··· Provided data ···
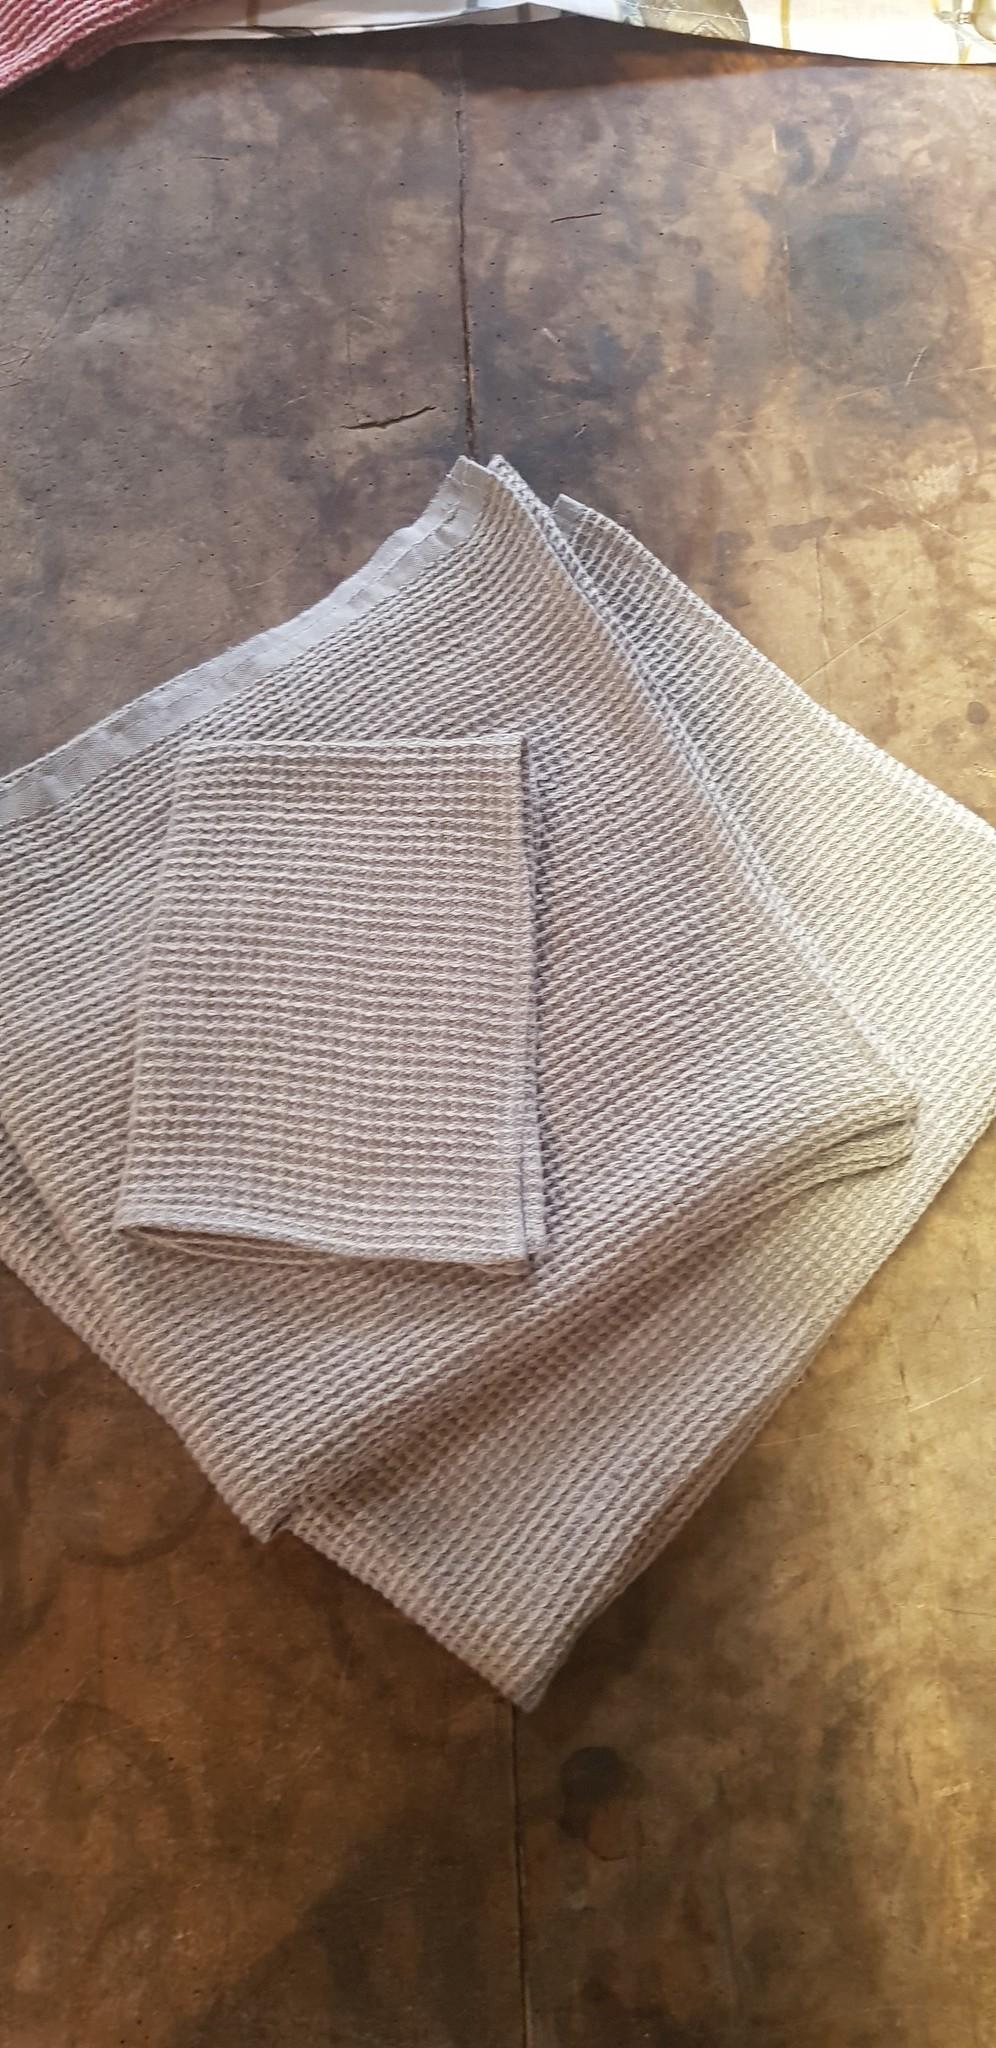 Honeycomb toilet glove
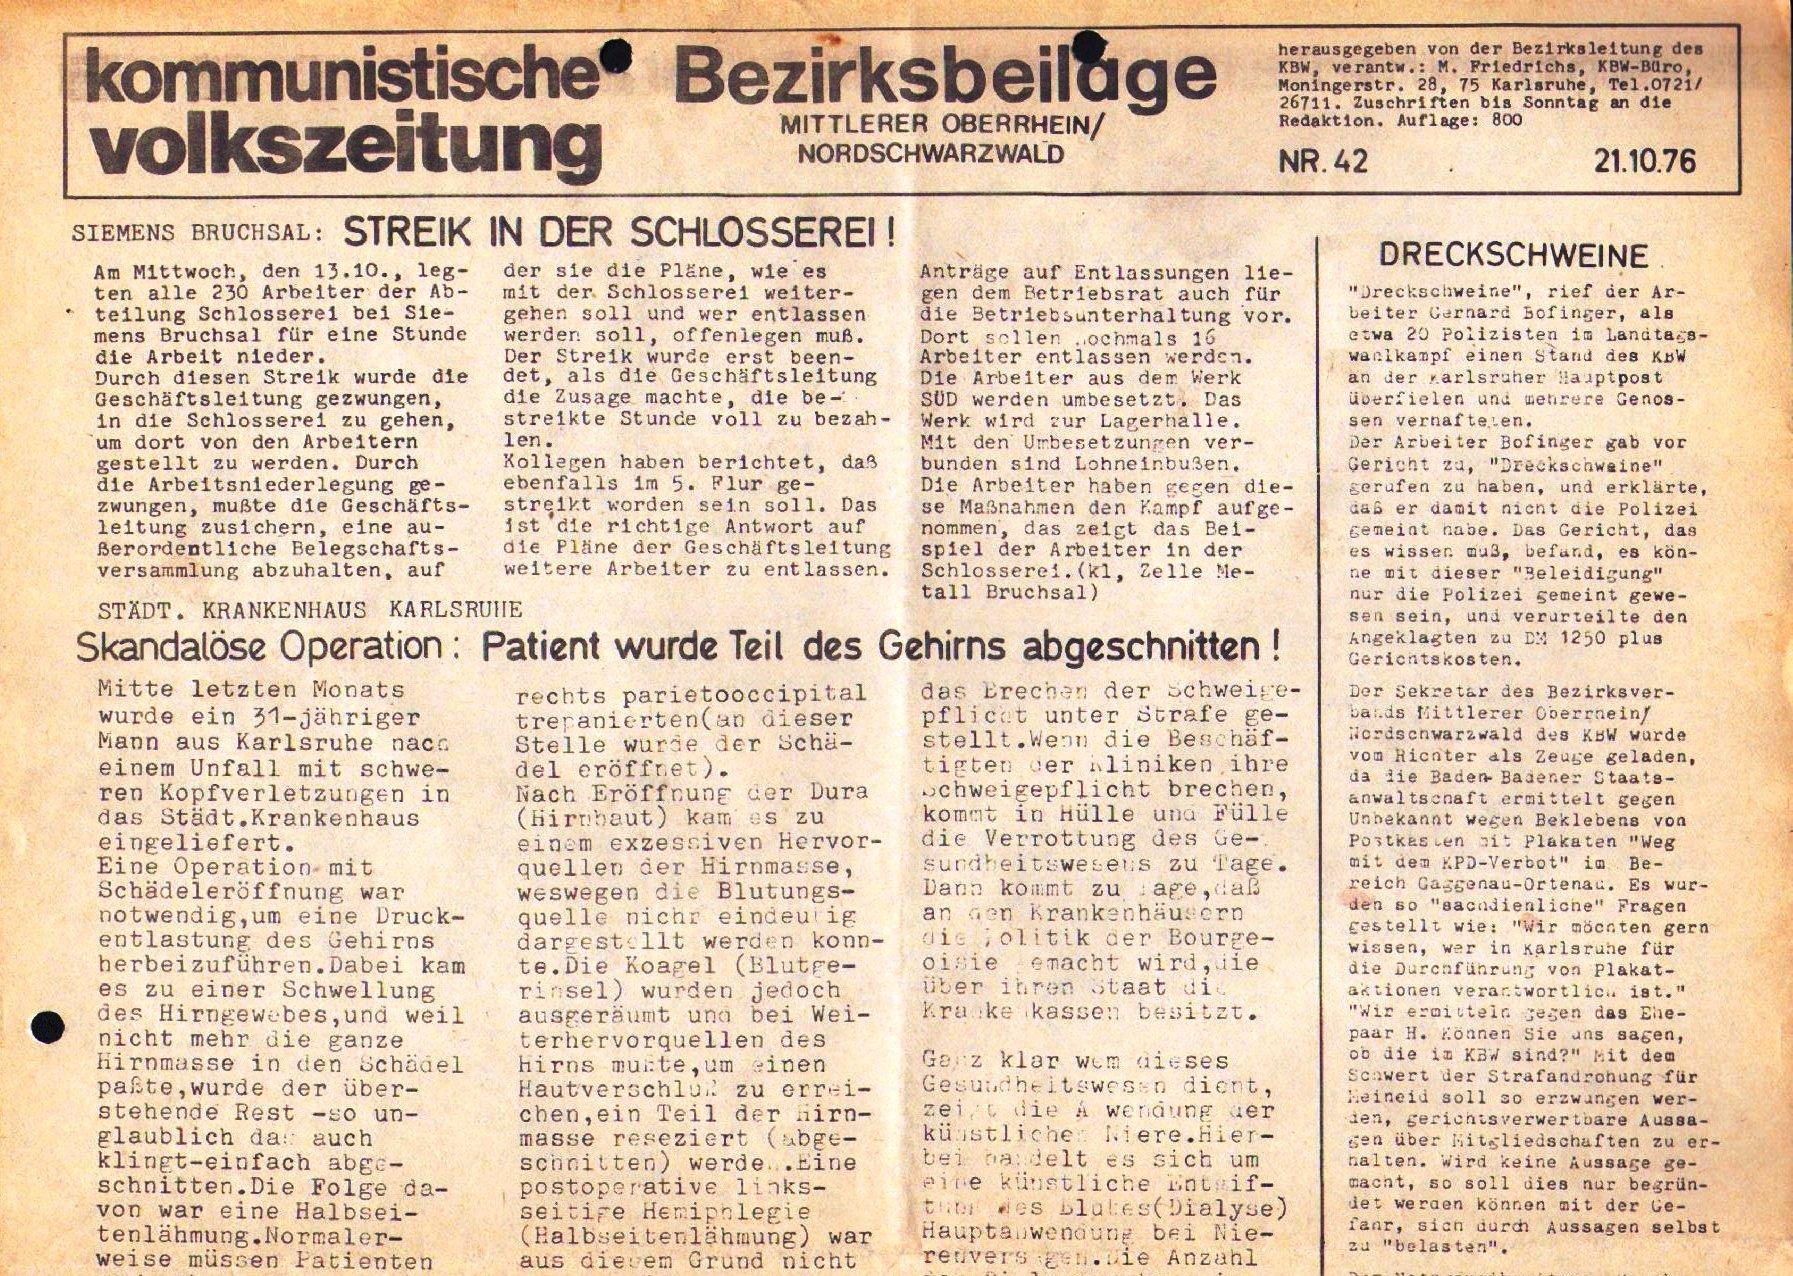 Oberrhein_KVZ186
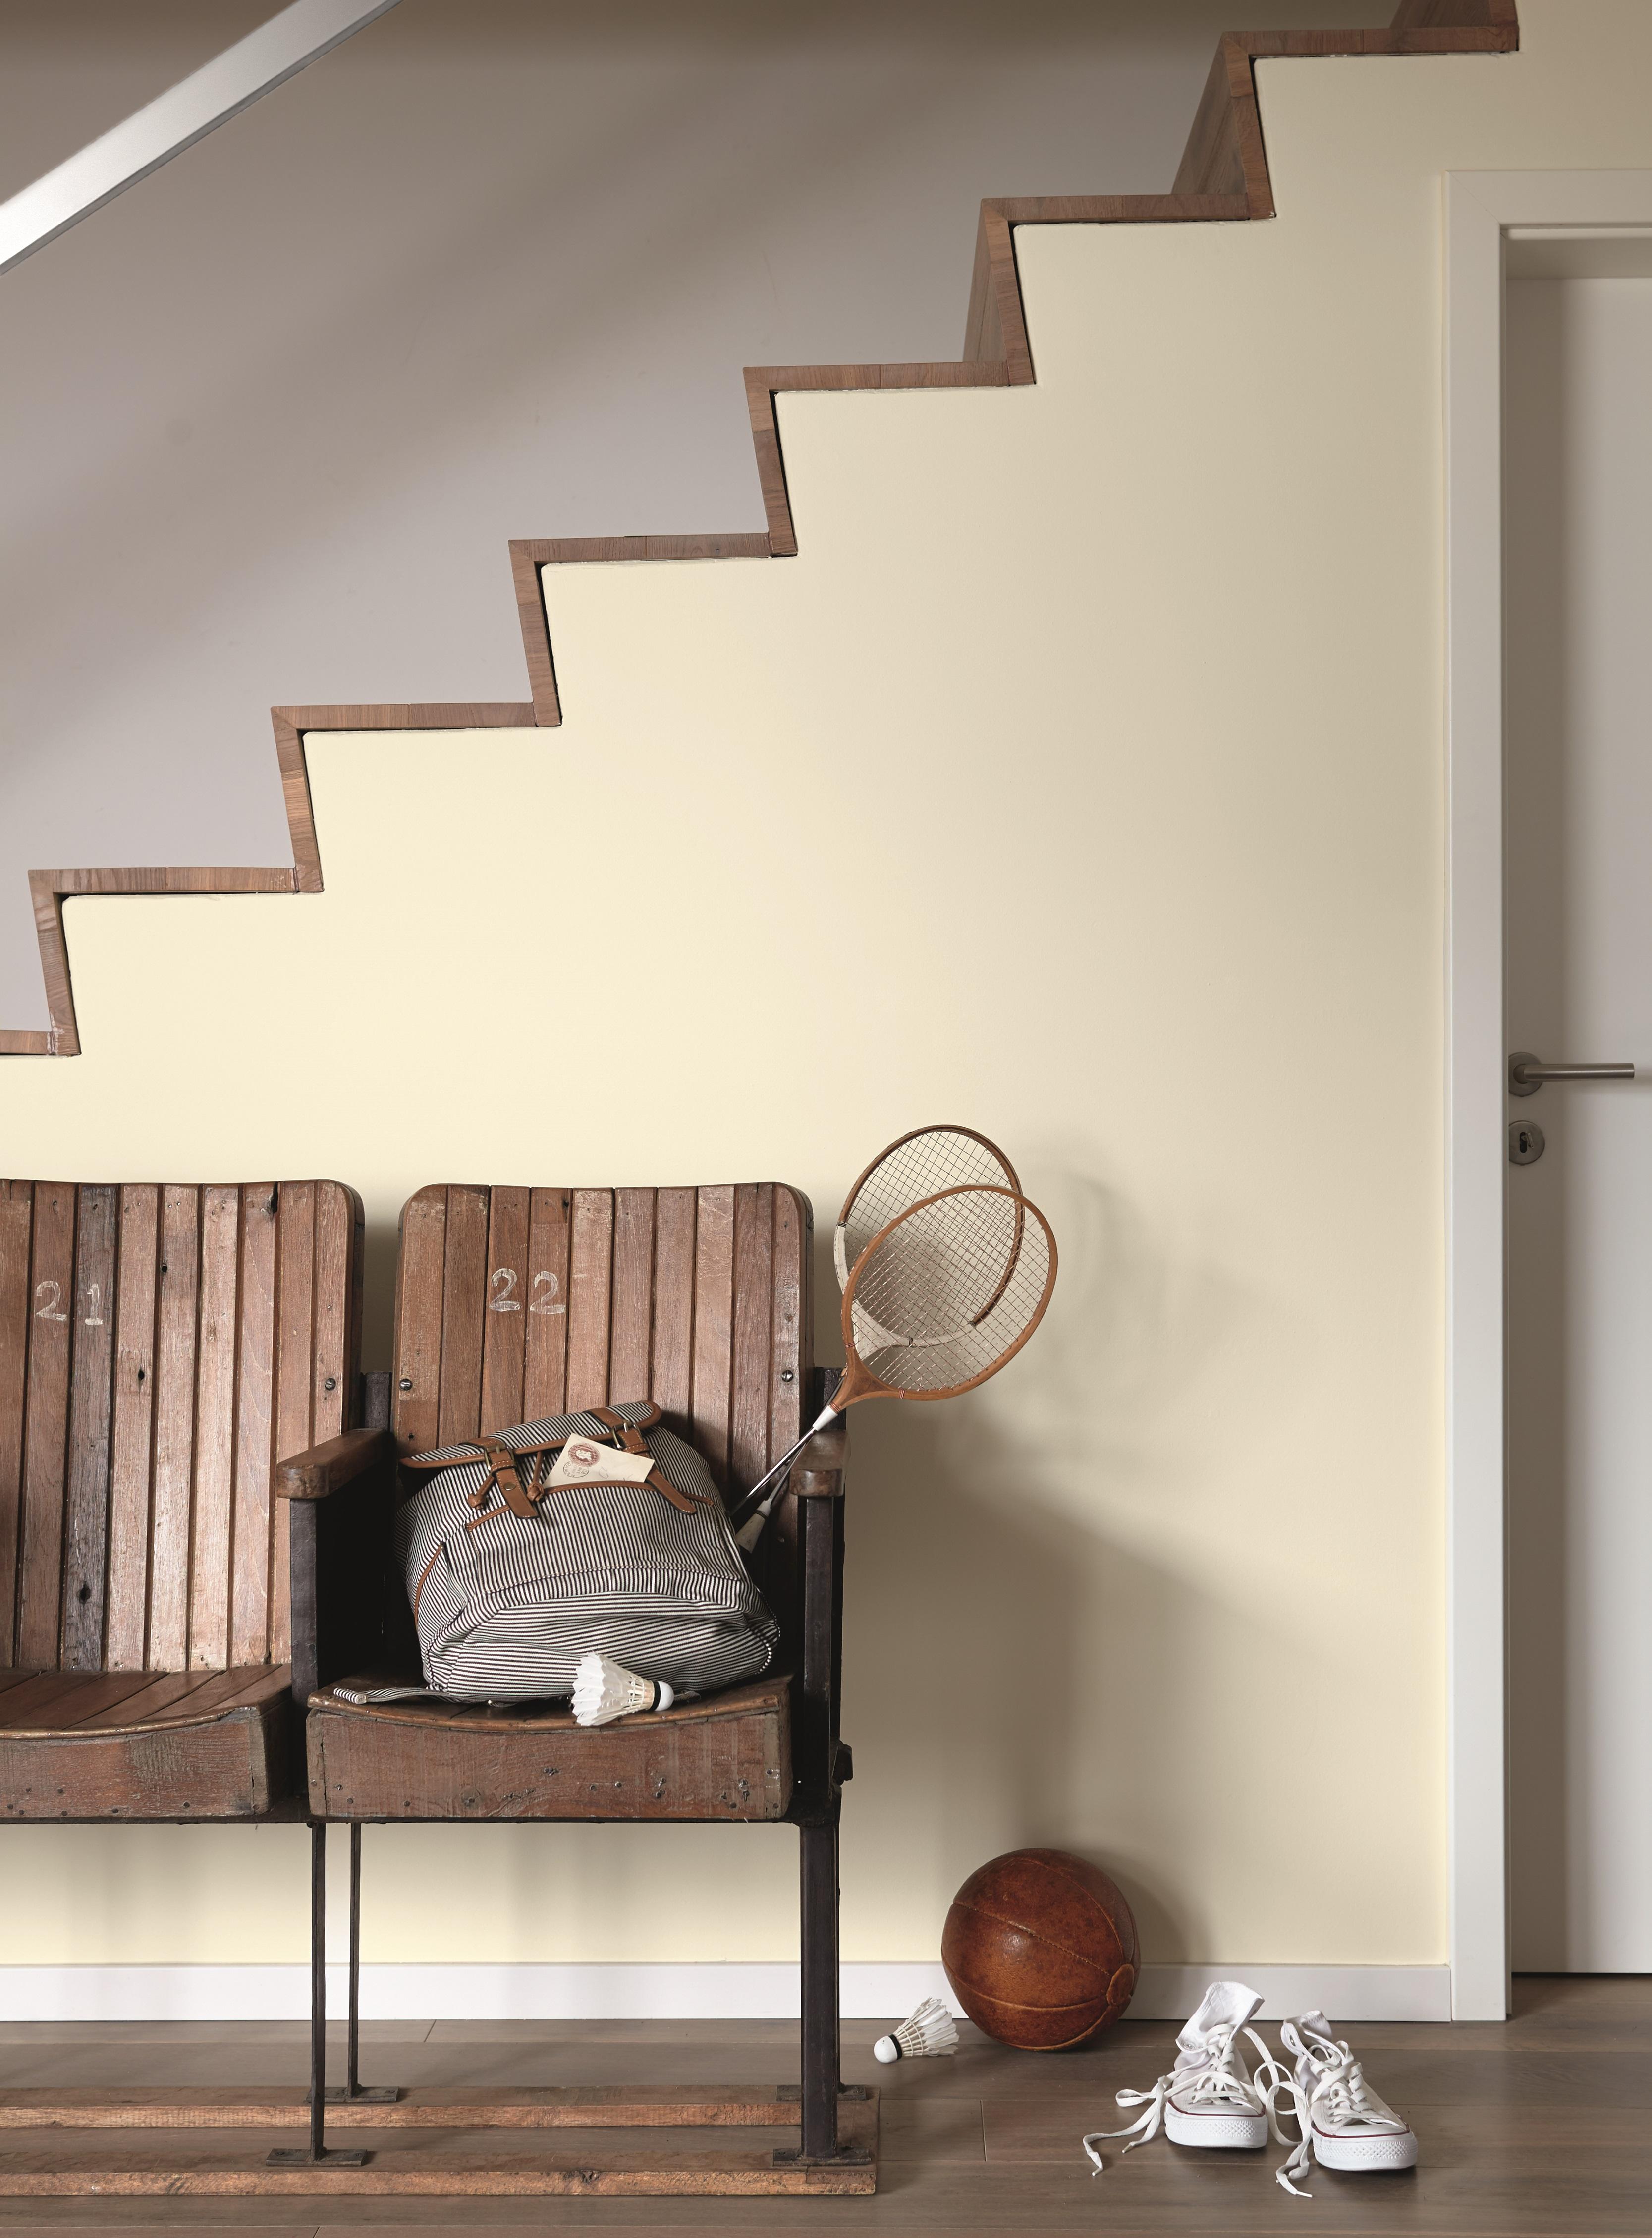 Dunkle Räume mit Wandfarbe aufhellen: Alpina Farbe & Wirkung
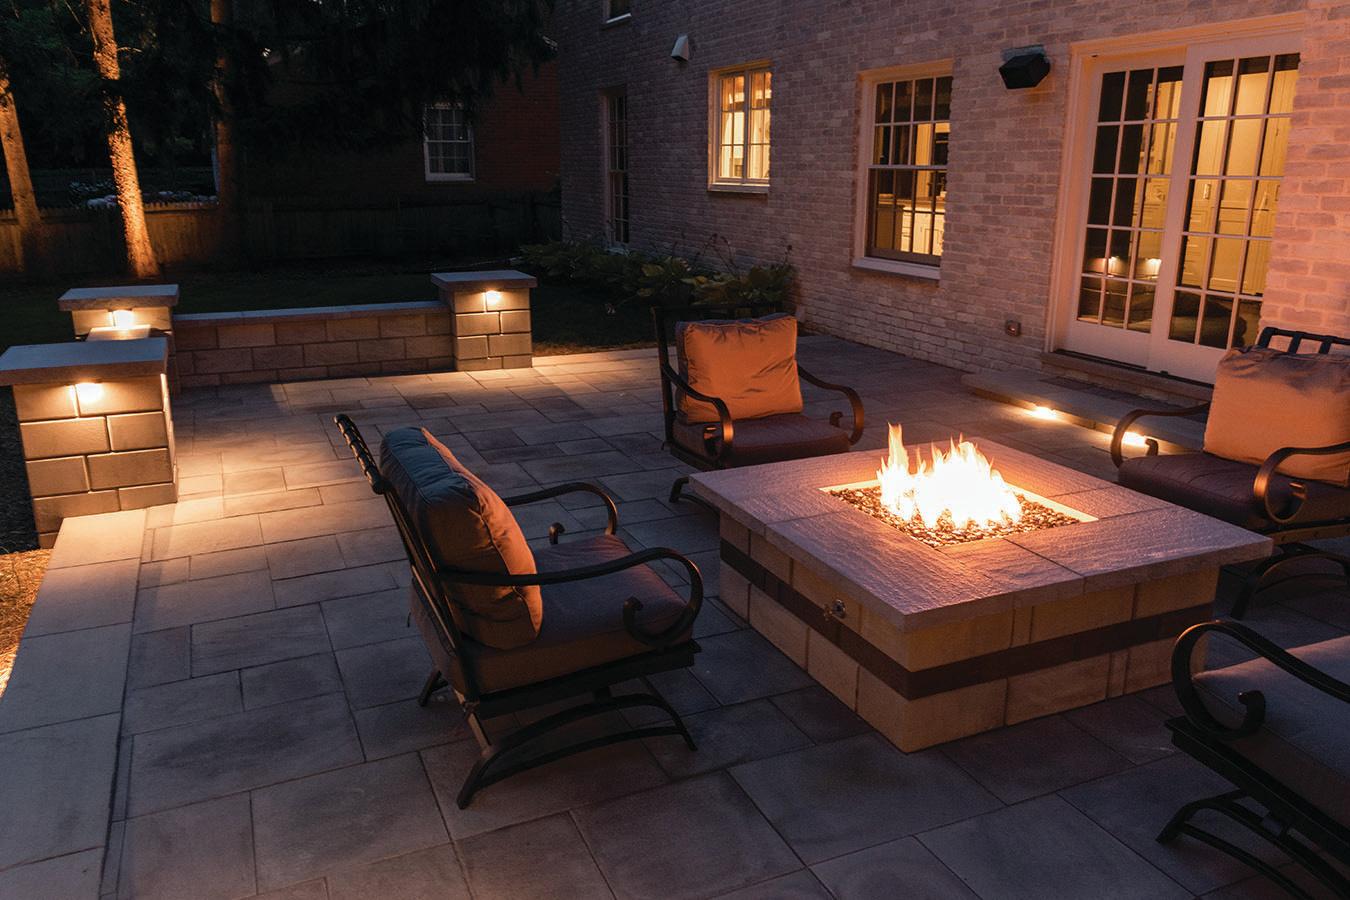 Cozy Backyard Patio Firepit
···
What to work on => Restate word for word the lines from the one containing "Oberrhein_KVZ186" through the end of the material above, both included, and nothing besides; drop the pictures.

Exercise result =>
 Oberrhein_KVZ186
 Dunkle Räume mit Wandfarbe aufhellen: Alpina Farbe & Wirkung
 Cozy Backyard Patio Firepit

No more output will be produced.